アポロン号であるエリーの指示により、それはアポロロン号のハッチの中へと引き上げられていた。



「……で、ご立派なヘルシオンの軍は、こんな死の雨雲の中まではるばるやって来て、このあたいになんの用だい?」


エリーは、ボロボロになったモーターバードから、なんとか這い出したパイロットの前に屈み込み、その胸倉をにこやかな笑顔でもって引っ掴んだ。


「貴様が泥棒猫の親玉か?」


ヘルシオンの空軍兵はすぐ近くに同じように引き上げられた黒いハヤブサ型のファルコンと、焦げ茶色のイーグルの機体を目にし、ゴーグルの下から睨みつける。


「質問してんのはこっちだよ!」


だが、逆に空軍兵に苛立ち、エリーが掴んでいた胸倉を乱暴に揺らした。


「くっ……!」


「それにね、馬鹿言ってんじゃないよ。あんだ碌でなし男があたいの部下な訳ある訳ないじゃないか! 笑えない冗談ぬかしたら頭吹っ飛ばすよ」


そう言って、腰の皮ベルトに収めていた小型銃を素早く取り出し、空軍兵の額にぐいとそれを押し当てる。

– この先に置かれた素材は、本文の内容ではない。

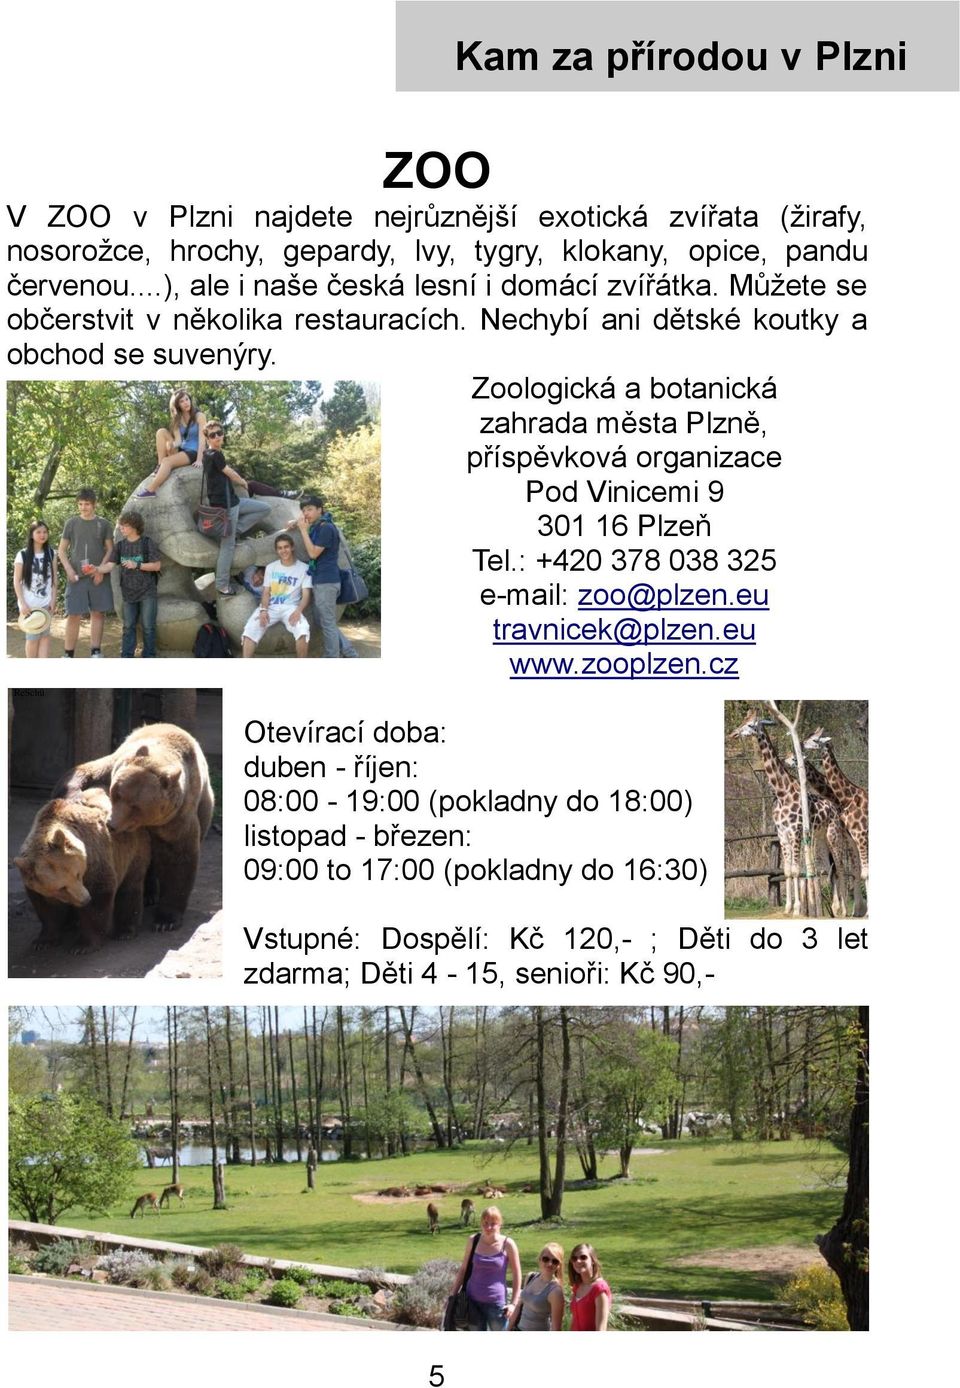 Zoologická a botanická zahrada města Plzně, příspěvková organizace Pod Vinicemi 9 301 16 Plzeň Tel.: +420 378 038 325 e-mail: zoo@plzen.eu travnicek@plzen.eu www.

そんなエリーの後ろで、レオはなんともいえない面持ちで腕組みして鼻を掻いている。



「…………」


急に威勢を失くし大人しくなった空軍兵は、恐らくゴーグルの下で顔色を真っ青にさせているに違いないなかった。



「もう一度訊くよ。お前達の目的は一体何だい?」


エリーの握る銃に力が籠められる。



「日誌……」



その言葉を聞いた途端、「はあっ」とエリーは大きな溜息と同時に銃を降ろした。


「やっぱりそうかい……。さっきお前達が言ってたオリビアとかいう男の日誌を奪い返しにきたって話はどうやら嘘じゃないみたいだね」


そうして、うんざりとした様子で後方のレオに向き直った。


「ま、そういうこった」


肩を竦め、レオは軽い口調でそう返す。



「……んっとに、いらない拾いもんをしちまったもんだよ」


心底嫌そうな表情を浮かべるエリーに、ラミロはなんだか申し訳ない気持ちでいっぱいになる。


「すいません、ホント」


エリーは、突としてレオにぬっと手を差し出した。


「見せてみな。そのオリビアの日誌とやらは、そんなに価値あるもんなのか、迷惑ついでに見てやるよ」


レオは面倒臭そうに、懐にしまっていた日誌を取り出す。


日誌は、丁寧に布で何十にも巻かれてある。


「破んじゃねぇぞ」


レオの忠告に、


「うるさいね」


と悪態をつき、エリーは中の日誌を手際よく取り出した。


古びて傷んだ表紙だが、どう見てもどこにでもあるような日誌だった。


「どれどれ……」


ゆっくりとページを捲る音が響く中、ヘルシオン軍の空軍兵は、エリーの部下に拘束されて無理矢理立ち上がらされるところだった。


「……なんだい、白紙じゃないか」



「え!?」


エリーの言葉にぎょっとして、ラミロが慌ててその日誌に手を伸ばす。


が、やはり白紙。


驚き、次々とページを捲るが、どのページもやはり白紙。白紙。白紙。


「まさか!! い、一体どういうことだよ!?」


最初は少し驚いた様子を浮かべていたレオだったが、ラミロの慌てた様子を横目に、にやっと口元を歪めた。


「……なるほどな、どうやら俺達は偽物をつかまされたっつうことか」


立ち去る空軍兵は、レオの言葉に驚き振り返った。


「こんなとこまで命がけで追ってきたことを考えると、ヘルシオンもまだ盗まれたことに気付いちゃいなかった訳か。ちっ、誰だか知らねぇが、先を越されちまったな」


レオは無造作に伸びた黒髪をガシガシと擦った。


「はっ、なんとも笑えるじゃないか!」


エリーが大声で笑い声を上げる。


レオは何やら思考している様子だ。


と、そのとき、


「エリー船長!! 本船の正面に、ヘルシオンの大型軍用船が現れました!!」


という声がハッチに取り付けられている船内無線から響く。


「なんだと!?」


はっとしたように、エリーは振り返った。


考えられるのは、ここに引き上げた交戦用モーターバードの母船だった。


おそらく、未だすり替えられた日誌とは知らず、ここまで追ってきたのだろう。



「全員戦闘配置!!」


エリーの声で、アポロン号の船員が慌しく動き出した。


「んっとに、余計なもん連れて来てくれたもんだね」


レオに厭味を飛ばしながら、エリーは身軽に上階へ繋がる階段を駆け上がり始めた。


「ほんとすいません」


あっけらかんとしているレオの代わりに、ラミロが申し訳なさそうにエリーに謝罪の言葉を投げる。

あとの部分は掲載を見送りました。